Below are entries with pictures in them. Output exactly the lines starting at the line with "How to Make a Good First Impression Online" and ending at the line with "LISTEN: Lorde releases", both included, but not the pictures.

EXTRACTED DATA.
=== Section Start ===

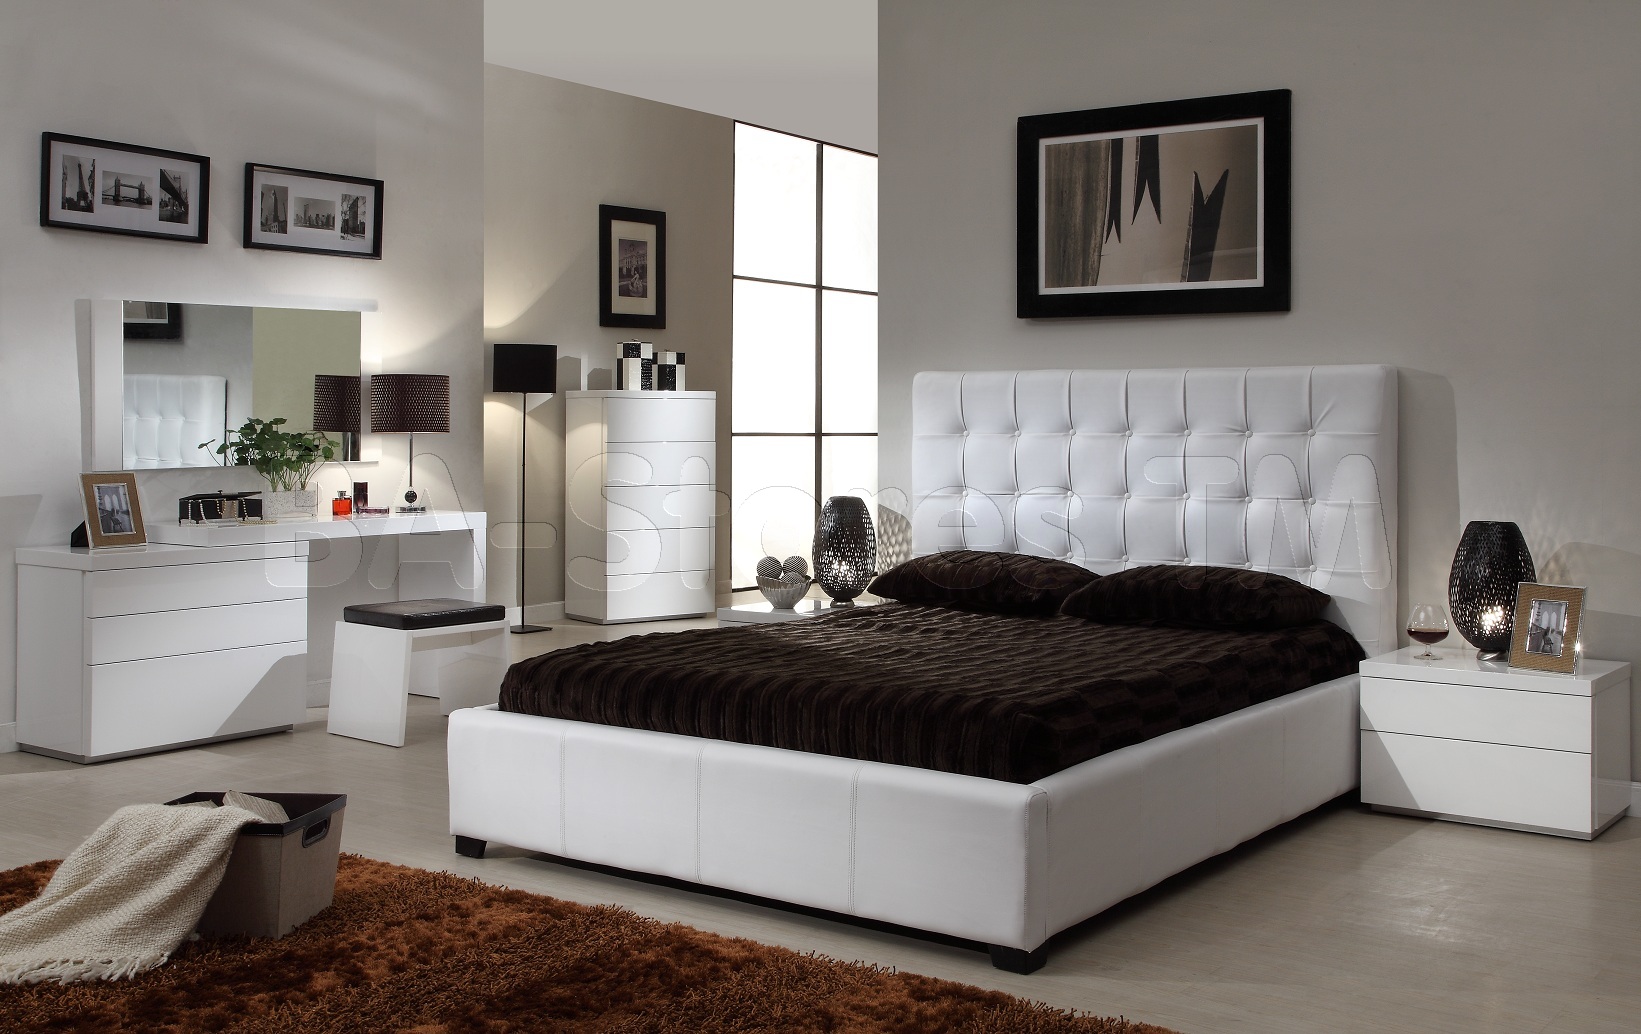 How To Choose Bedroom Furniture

=== Section End ===
=== Section Start ===

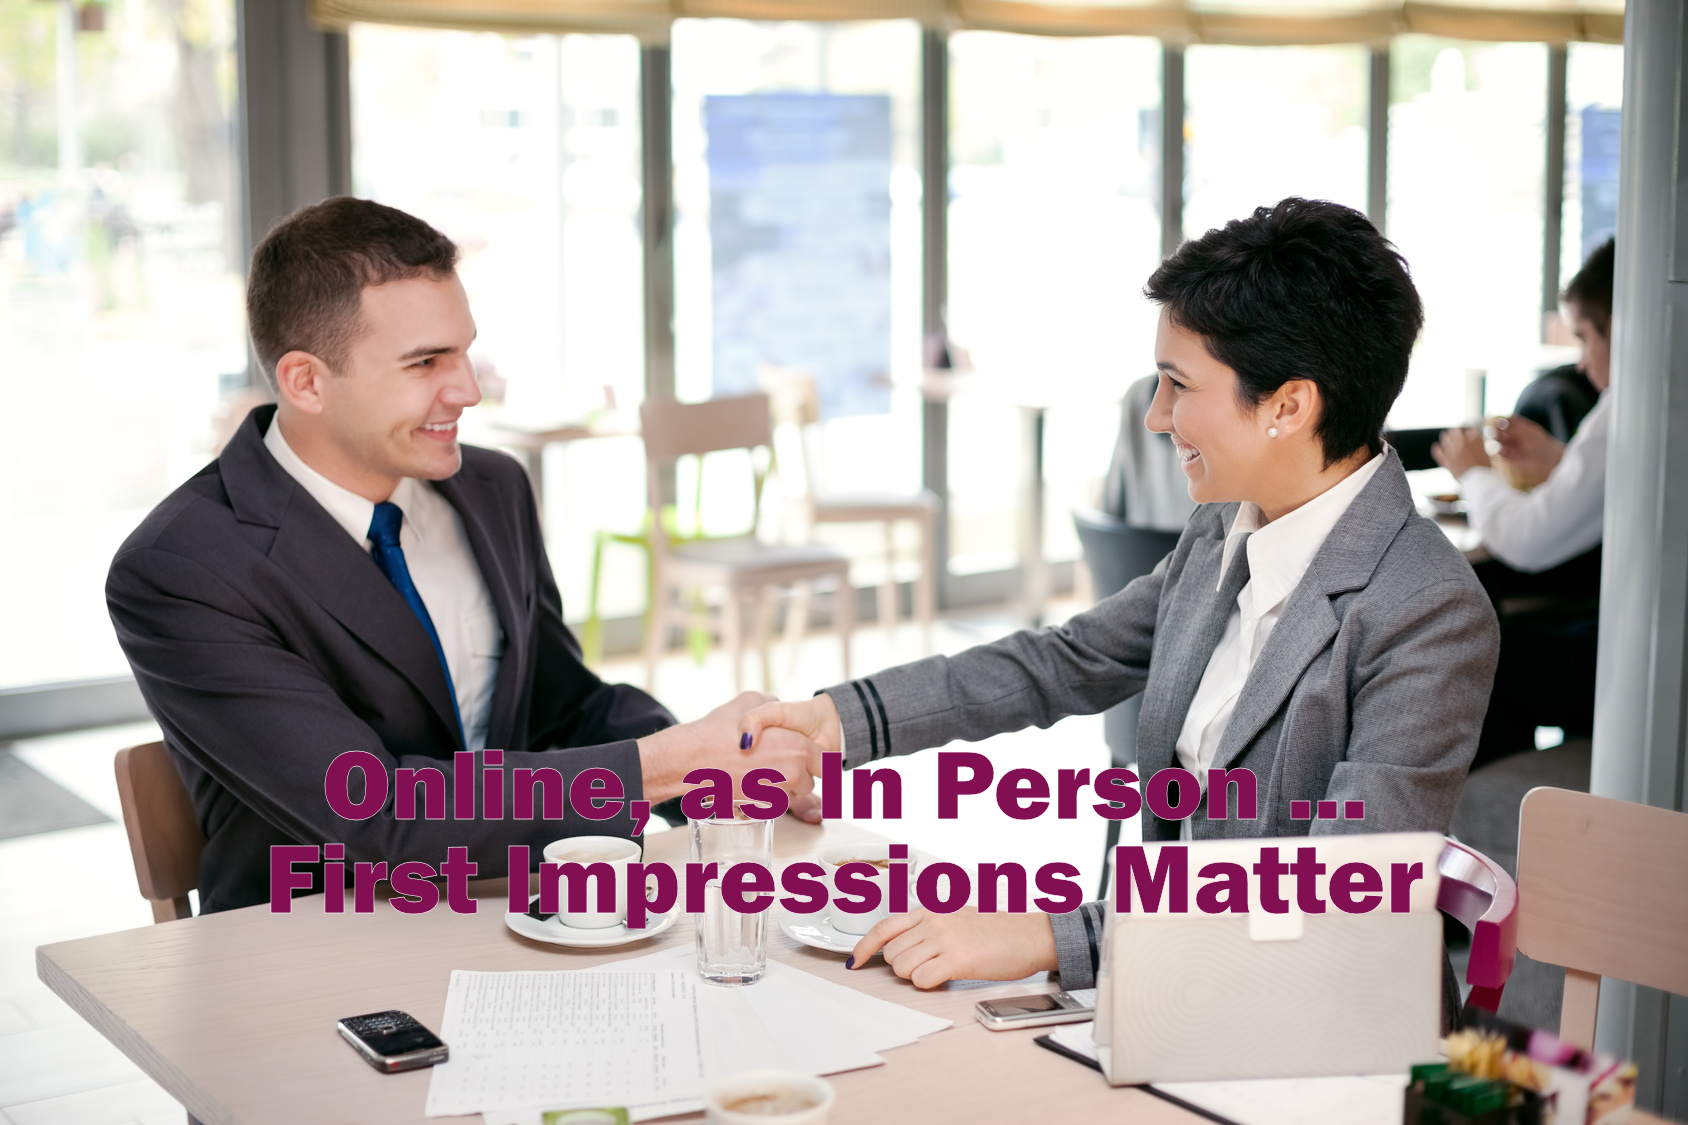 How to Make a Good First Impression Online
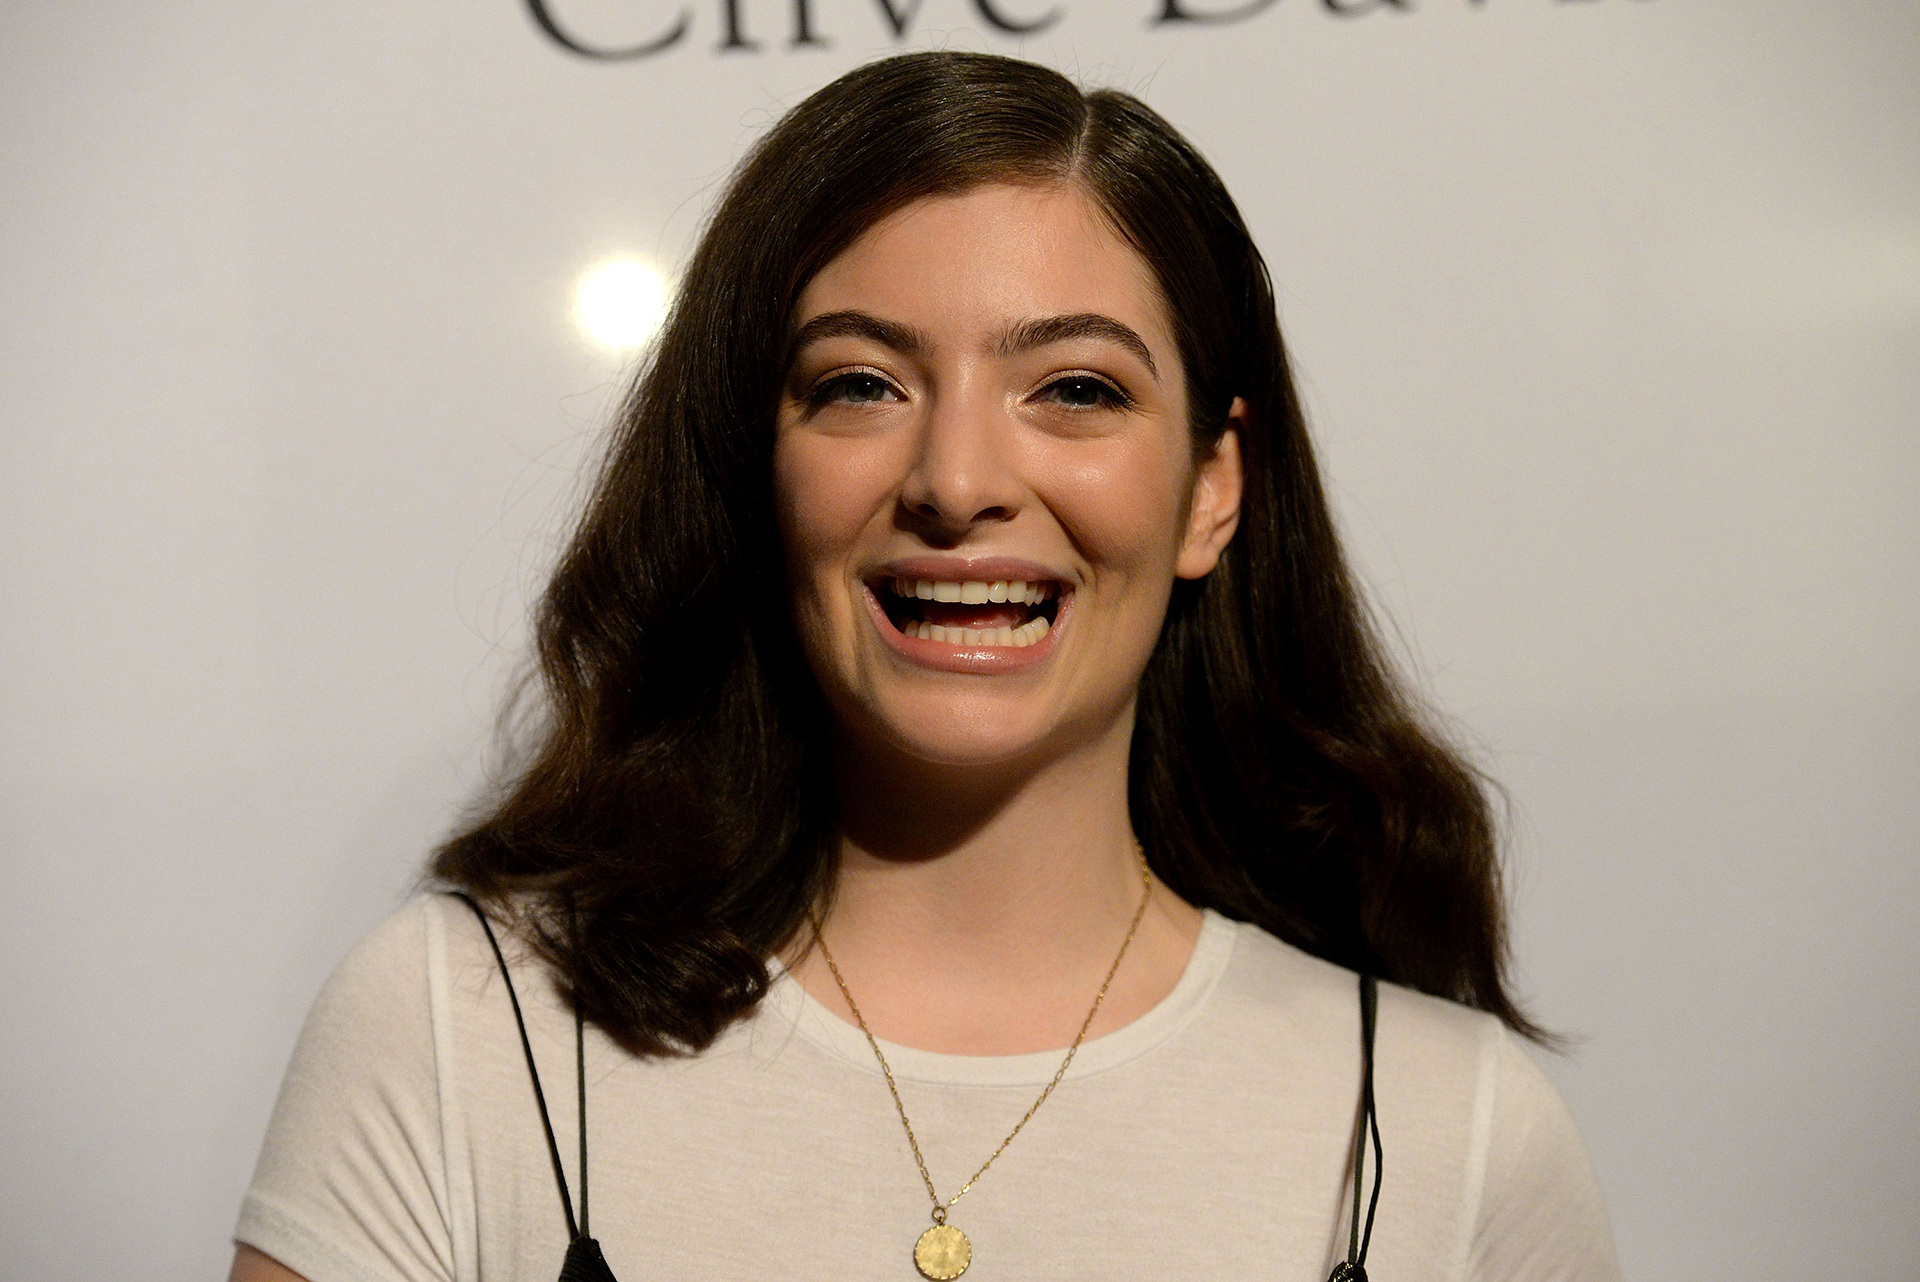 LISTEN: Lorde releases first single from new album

=== Section End ===
=== Section Start ===

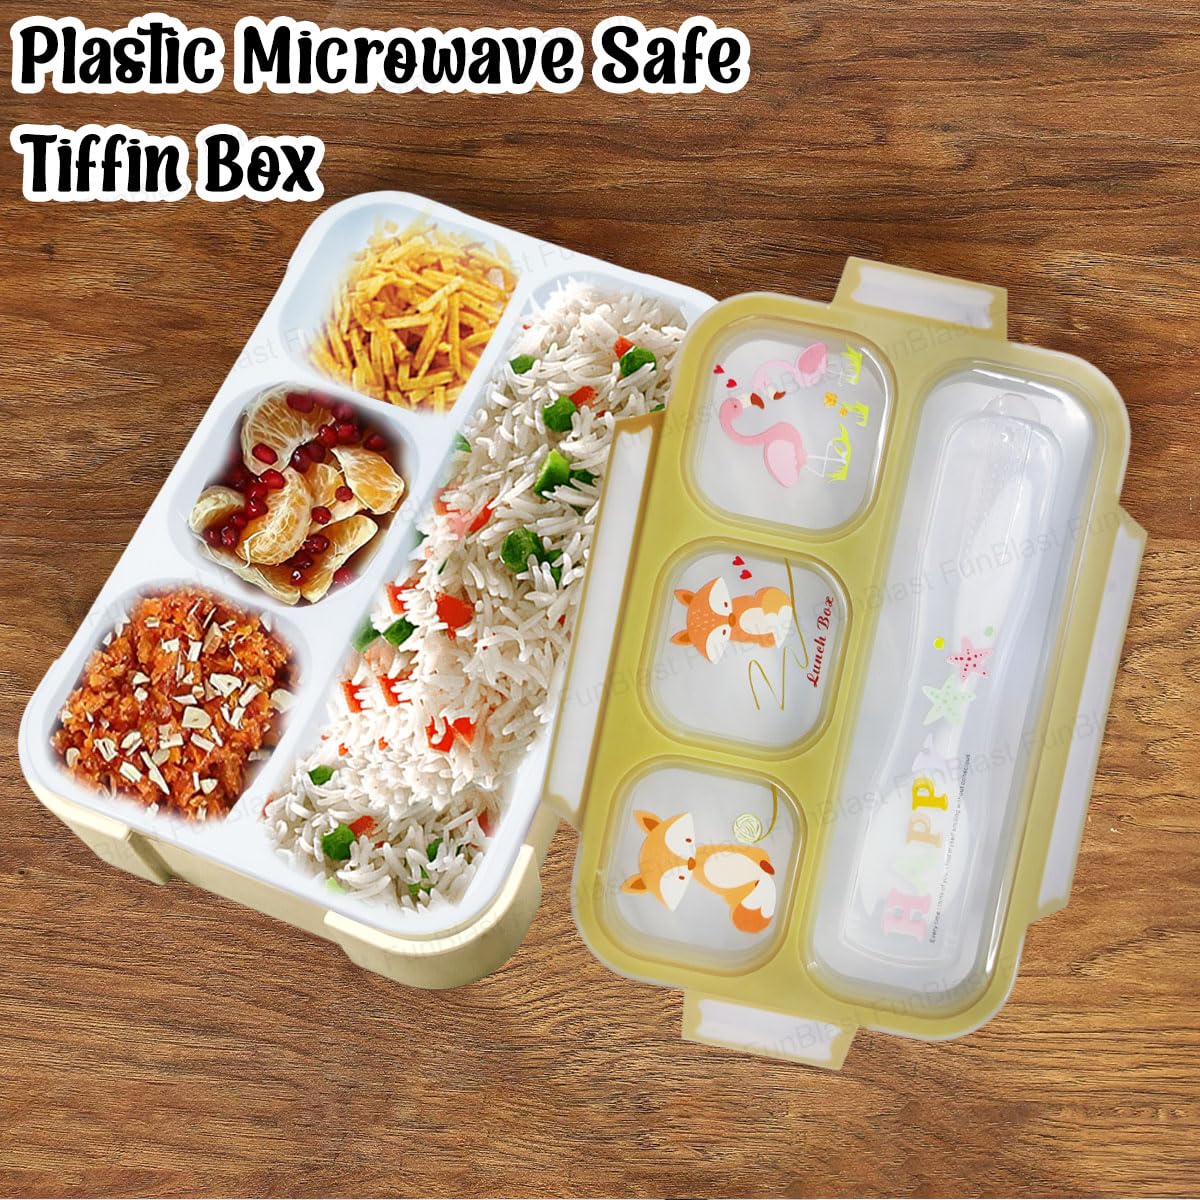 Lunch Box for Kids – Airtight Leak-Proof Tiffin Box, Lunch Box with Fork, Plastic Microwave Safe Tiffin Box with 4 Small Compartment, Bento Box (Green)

=== Section End ===

TASK SOLUTION.
 How to Make a Good First Impression Online
 LISTEN: Lorde releases first single from new album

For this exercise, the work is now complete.